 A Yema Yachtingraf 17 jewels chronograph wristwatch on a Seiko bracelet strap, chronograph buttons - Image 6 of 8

────────────────────────────────────────

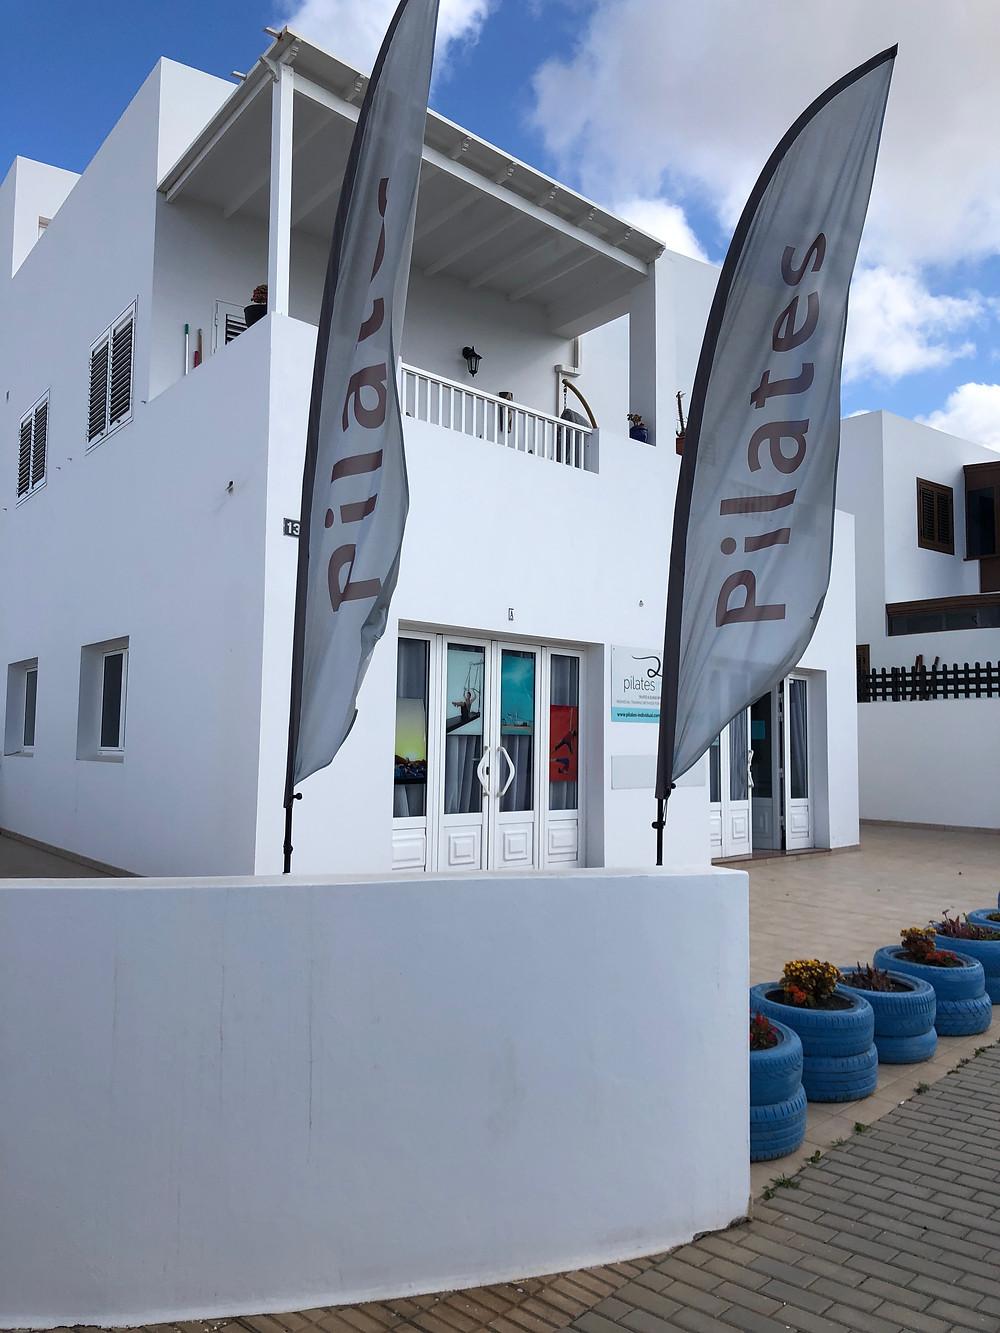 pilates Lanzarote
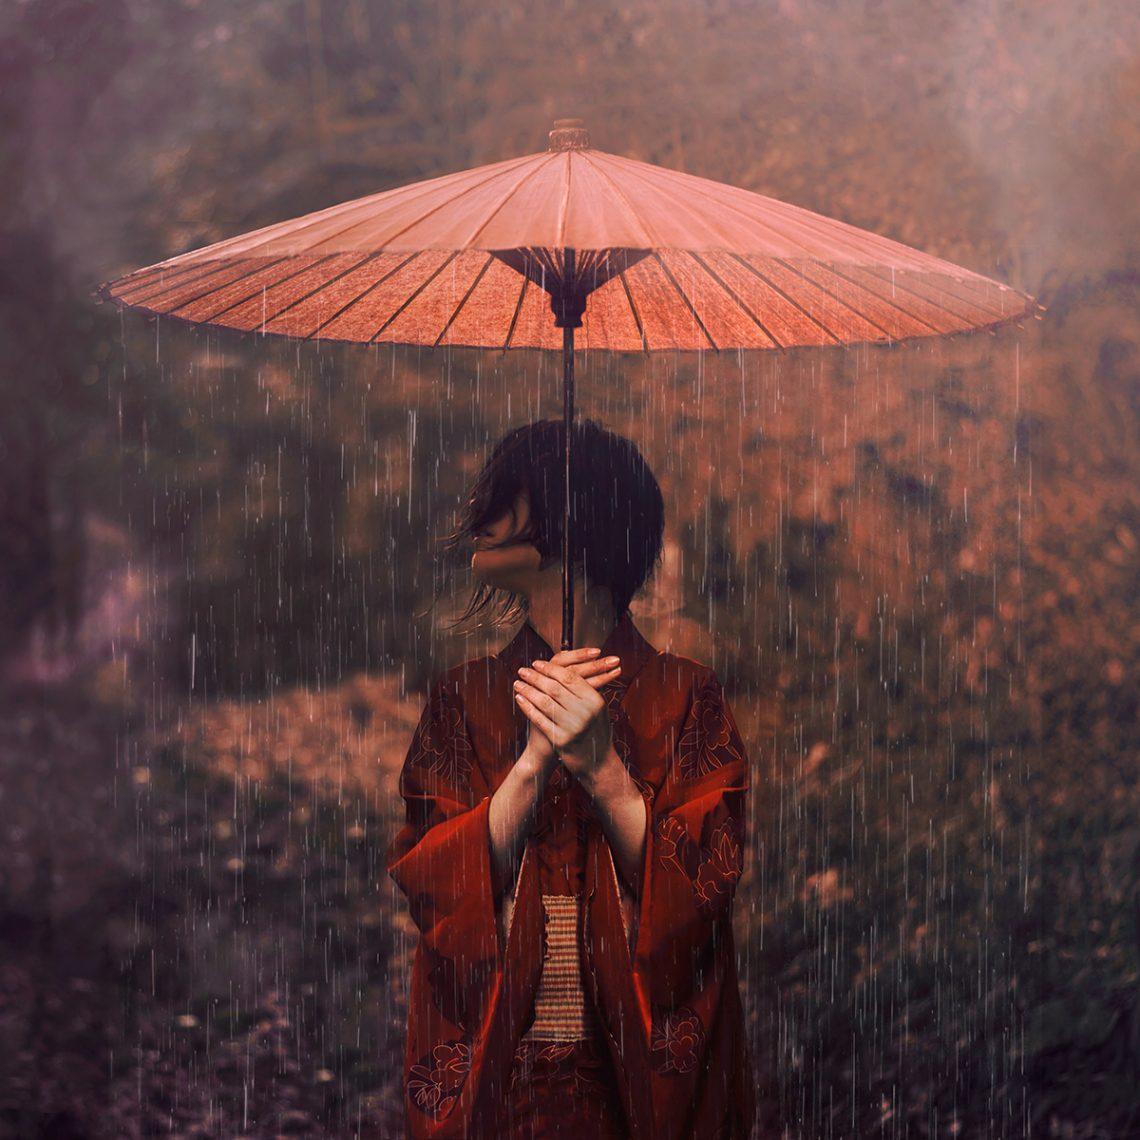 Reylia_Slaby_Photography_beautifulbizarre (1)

────────────────────────────────────────

#### TASK DETAILS:
The lines above from the line with "pilates Lanzarote" through the line with "Reylia_Slaby_Photography_beautifulbizarre (1)" are to be given again word for word, with no pictures among them.

#### OUTPUT OF THE EXERCISE:
 pilates Lanzarote
 Reylia_Slaby_Photography_beautifulbizarre (1)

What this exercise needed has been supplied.